THE ASPHALT JUNGLE – John Huston (1950)

« Rendons hommage à ces messieurs, et en particulier à John Huston, pour leur magnifique travail ! Dès le tout premier plan, dans lequel la caméra suit un voyou en maraude qui se faufile entre les immeubles pour semer une voiture de police dans la grisaille humide de l’aube, ce film laisse entrevoir, sous des dehors aussi implacables et lisses que l’acier, la présence de tout un monde de personnalités déviantes et de criminels Invétères. » Bosley Crowther dans The New York Times

L’histoire : A peine sorti de prison, le docteur Erwin Riedenschneider (Sam Jaffe) prépare un nouveau coup : le cambriolage de la bijouterie Belletier. Il fait part de son projet à Cobby (Marc Lawrence), un bookmaker, qui le met en relation avec un avocat véreux, Alonzo Emmerich (Louis Calhern). Ce dernier, au bord de la ruine, accepte de financer l’opération, les fonds étant en réalité fournis par Cobby. Riedenschneider recrute alors ses hommes : Dix Handley (Sterling Hayden), un tueur, le spécialiste en coffres forts Louis Ciavelli (Anthony Caruso), et Gus Minissi (James Whitmore), qui servira de chauffeur. L’opération se déroule bien jusqu’à l’arrivée d’un gardien. Ciavelli est grièvement blessé. De son côté, Emmerich est décidé à doubler ses partenaires, aidé de Bob Brannom, une petite crapule. Brannom tente de s’emparer de la serviette contenant les bijoux mais Dix Handley, qu’il vient de blesser, l’abat. Ciavelli meurt, Cobby donne à la police Gus Minissi après avoir été durement secoué par le lieutenant Ditrich (Barry Kelley ). Le docteur Riedenschneider tente de fuir, alors qu’Emmerich se suicide, mais il est arrête pour être demeuré trop longtemps dans un bar où dansait une jeune fille au son du jukebox local. Victime de ses blessures. Dix meurt dans un champ, près des chevaux qui lui rappellent son enfance disparue …

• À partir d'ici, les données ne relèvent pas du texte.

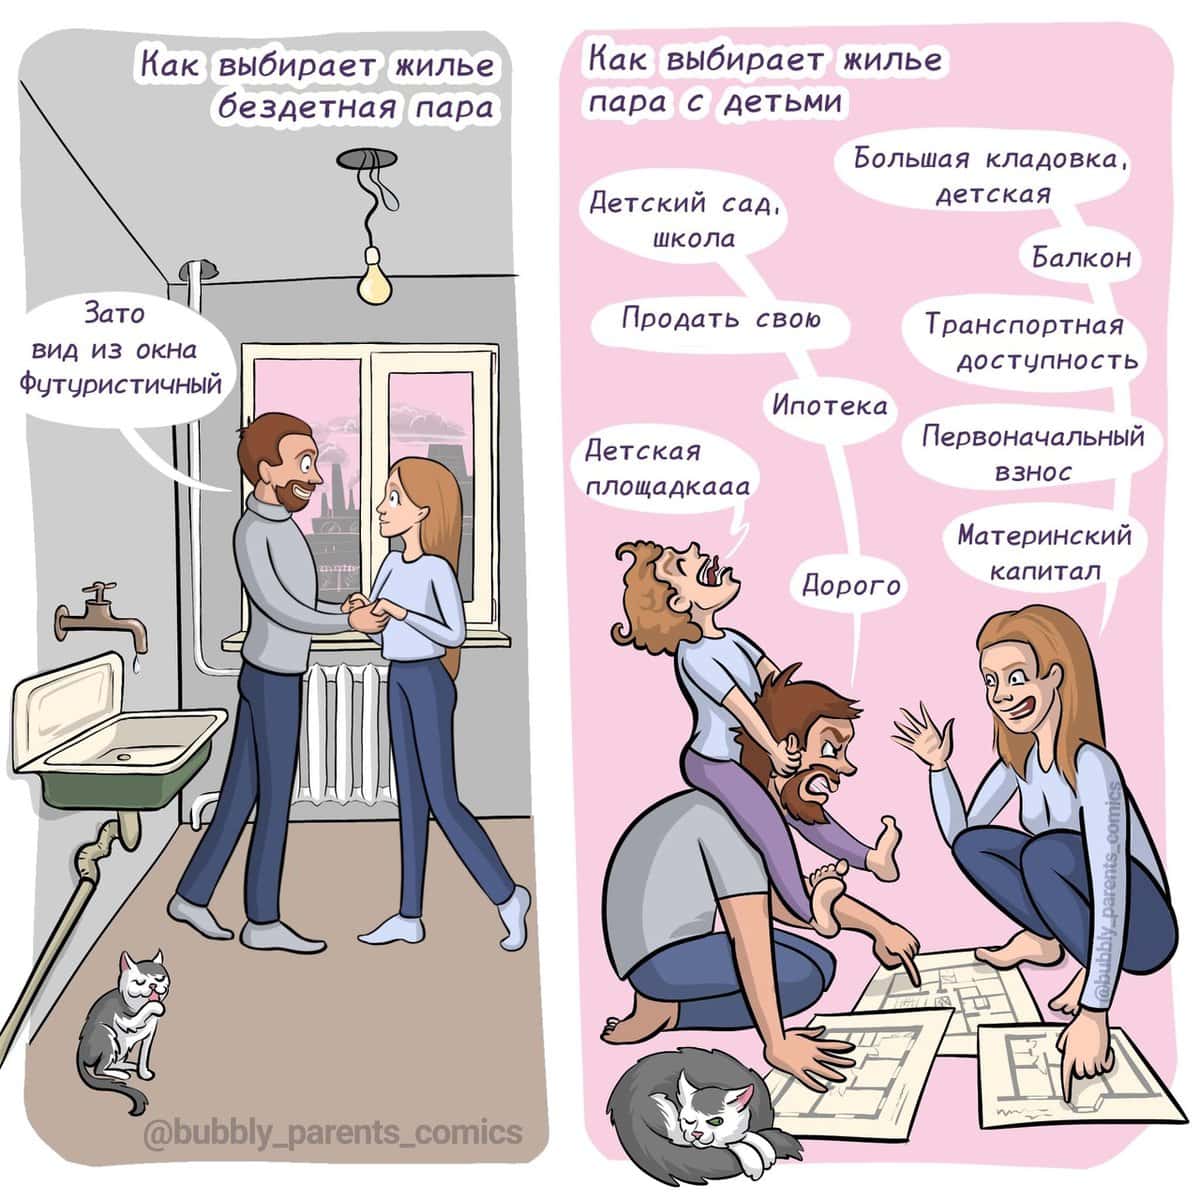 15 смешных комиксов от художницы из Екатеринбурга, которая делится своим «щщастьем материнства» в картинках 54

THE ASPHALT JUNGLE – John Huston (1950)

Malgré les personnages outrés qui figurent dans ses différentes œuvres, le réalisateur John Huston est connu pour son naturalisme, un qualificatif rarement associé au film noir. Les liens de Huston avec le Noir remontent pourtant au Faucon maltais (The Maltese Falcon, 1941), tourné avant la période communément considérée comme l’âge d’or du genre. Si ce n’est pas à proprement parler le premier film noir de l’histoire, il marque toutefois le début d’un cycle allant de cette adaptation d’un roman de Dashiell Hammett à La Soif du mal (Touch of Evil, 1958) d’Orson Welles. En tant que scénariste, Huston fait son entrée dans le film noir avec une adaptation d’un roman de W.R. Burnett, La Grande Évasion (High Sierra, 1941), réalisée par Raoul Walsh.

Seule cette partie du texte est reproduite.